2) vm_pager_get_pages() guarantees to swapin only the reqpage,
and may skip or fail other pages for different reasons, that
may vary from pager to pager.
3) There also is function vm_pager_has_page(), which reports
availability of a page at given index in the pager, and also
provides hints on how many consequtive pages before this one
and after this one can be swapped in in single pager request.
Most pagers return zeros in these hints. The vnode pager for
UFS returns a strong promise, that one can later utilize in
vm_pager_get_pages().
4) All pages must be busied on enter. On exit only reqpage
will be left busied. The KPI doesn't guarantee that rest
of the pages is still in place. The pager usually calls
vm_page_readahead_finish() on them, which can either free,
or put the page on active/inactive queue, using quite
a strange approach to choose a queue.
5) The pages must not be wired, since vm_page_free() may be
called on them. However, this is violated by several
consumers of KPI, relying on lack of errors in the pager.
Moreover, the swap pager has a special function to skip
wired pages, while doing the sweep, to avoid this problem.
So, passing wired pages to swapper is OK, while to the
reset is not.
6) Pagers may replace a page in the object with a new one.
The sg_pager actually does that. To protect from this
event, consumers of vm_pager_get_pages() always run
vm_page_lookup() over the array of pages to relookup the pages.
However, not all consumers do this.
- 11 consumers request array of size 1, a single page
- 3 consumers actually request array
1) There is no reqpage. All pages are entered busied, all pages
are returned busied and validated. If pager fails to validate
all pages it must return error.
2) The consumer (not the pager!) is to decide what to do with the
pages: vm_page_active, vm_page_deactivate, vm_page_flash or just
vm_page_free them. The consumer also unbusies pages, if it
wants to. The consumer is free to wire pages before the call.
3) Consumers must first query the pager via vm_pager_has_page(),
and use the after/before hints to limit the size of the
requested pages array.
4) In case if pager replaces pages, it must also update the array,
so that consumer doesn't need to do relookup.
Doing this sweep, I also noticed that all pagers have a copy-pasted
code of zeroing invalid regions of partially valid pages. Also,
many pagers got a set of assertions copy and pasted from each
other. So, I decided to un-inline the vm_pager_get_pages(), bring
it to the vm_pager.c file and gather all these copy-pastes
into one place.
The suggested patch is attached. As expected, it simplifies and
removes quite a lot of code.
Right now it is tested on UFS only, testing NFS and ZFS is on my list.
that once it has been seen before.
Below is the summary of my part of the internal discussion about the changes.

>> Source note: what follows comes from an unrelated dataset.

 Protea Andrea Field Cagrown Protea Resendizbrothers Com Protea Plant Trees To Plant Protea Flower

Traditionally, Unix allows the filesystems to perform the short reads.
Most fundamental change in the patch removes this freedom from the
filesystem implementation, and I think that only local filesystems could
be compliant with the proposed strictness.

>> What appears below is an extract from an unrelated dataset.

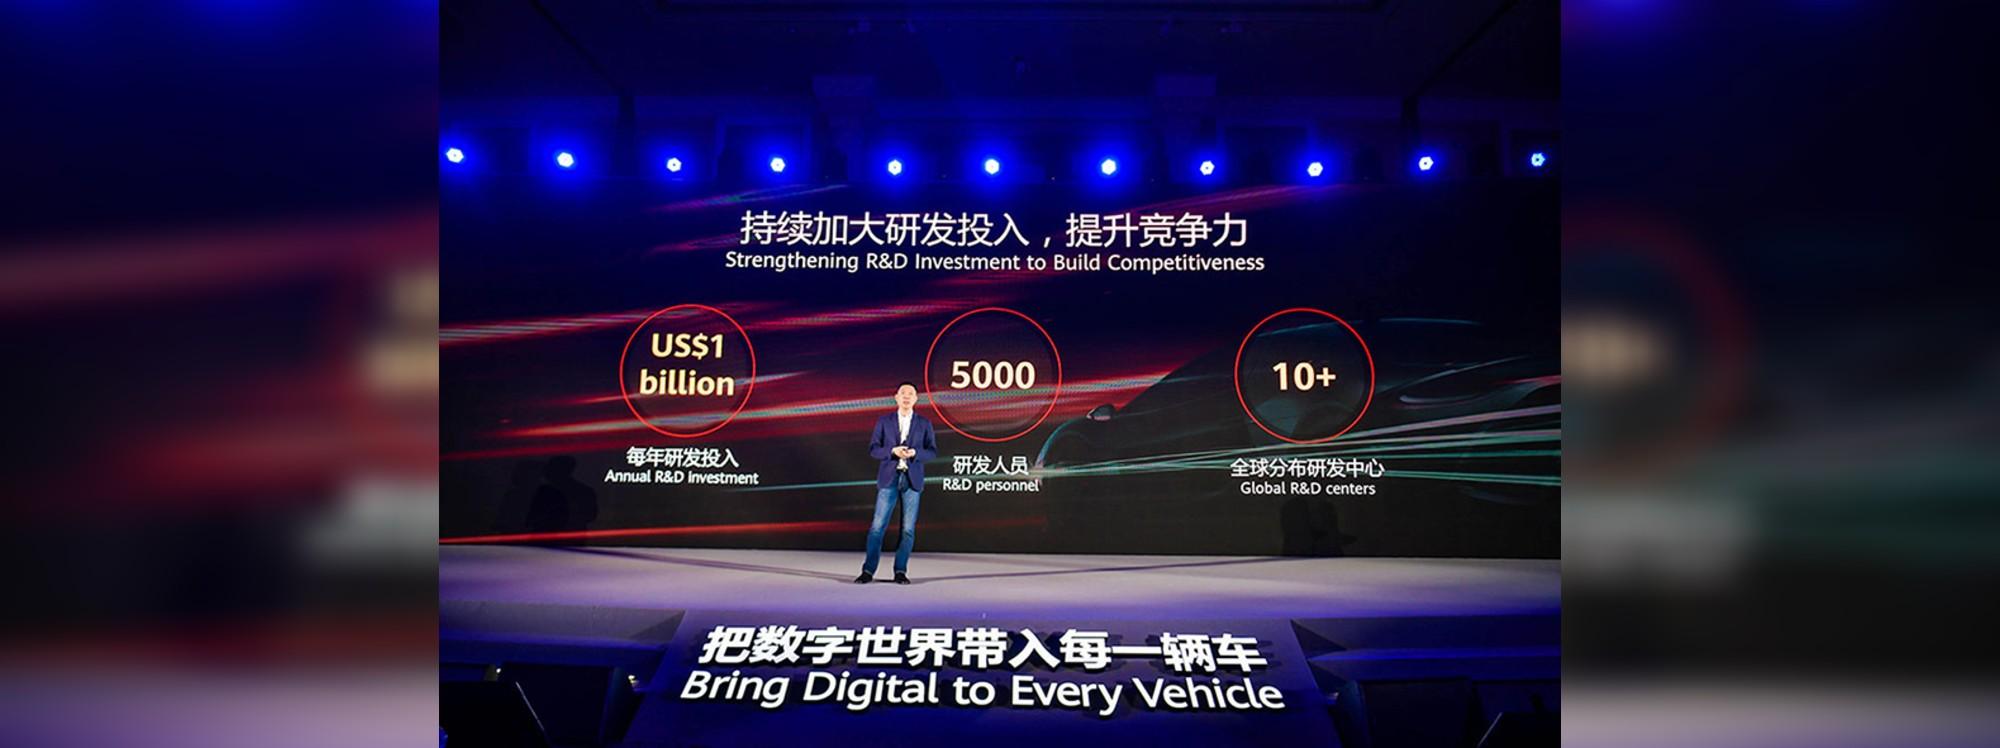 Huawei presenta módulos HI para autos inteligentes

IMO, the response from vm_pager_haspages() is only advisory, since
filesystem might not control the external entities which are the source
of the required data.
Gleb Smirnoff
2015-05-04 09:11:37 UTC
Permalink
On Mon, May 04, 2015 at 11:24:26AM +0300, Konstantin Belousov wrote:
K> Below is the summary of my part of the internal discussion about the changes.

Quite short. Is it truncated?

K> Traditionally, Unix allows the filesystems to perform the short reads.
K> Most fundamental change in the patch removes this freedom from the
K> filesystem implementation, and I think that only local filesystems could
K> be compliant with the proposed strictness.
K>
K> IMO, the response from vm_pager_haspages() is only advisory, since
K> filesystem might not control the external entities which are the source
K> of the required data.

That's why remote filesystems use vop_stdbmap() (or similar), which
always return zeroes for "after" and "before" hints.
--
Totus tuus, Glebius.
Konstantin Belousov
2015-05-04 09:51:16 UTC
Permalink
Post by Gleb Smirnoff
K> Below is the summary of my part of the internal discussion about the changes.
Quite short. Is it truncated?
No. IMO, I pointed out the most important point about the patch. If
other changes in the patch are unrelated, they must be extracted and
discussed (and committed) separately. Due to the fundamental nature of
the code being changed, the extra work to make it easier to bisect and
detect regressions worth it.
Post by Gleb Smirnoff
--
Totus tuus, Glebius.
K> Traditionally, Unix allows the filesystems to perform the short reads.
K> Most fundamental change in the patch removes this freedom from the
K> filesystem implementation, and I think that only local filesystems could
K> be compliant with the proposed strictness.
K>
K> IMO, the response from vm_pager_haspages() is only advisory, since
K> filesystem might not control the external entities which are the source
K> of the required data.
That's why remote filesystems use vop_stdbmap() (or similar), which
always return zeroes for "after" and "before" hints.
Which precludes useful optimizations, at all, in the future.
Gleb Smirnoff
2015-05-04 18:38:52 UTC
Permalink
On Mon, May 04, 2015 at 12:51:16PM +0300, Konstantin Belousov wrote:
K> > On Mon, May 04, 2015 at 11:24:26AM +0300, Konstantin Belousov wrote:
K> > K> Below is the summary of my part of the internal discussion about the changes.
K> >
K> > Quite short. Is it truncated?
K> No. IMO, I pointed out the most important point about the patch. If
K> other changes in the patch are unrelated, they must be extracted and
K> discussed (and committed) separately. Due to the fundamental nature of
K> the code being changed, the extra work to make it easier to bisect and
K> detect regressions worth it.

Of course, I'm not going to commit it as one. Some parts can be separated.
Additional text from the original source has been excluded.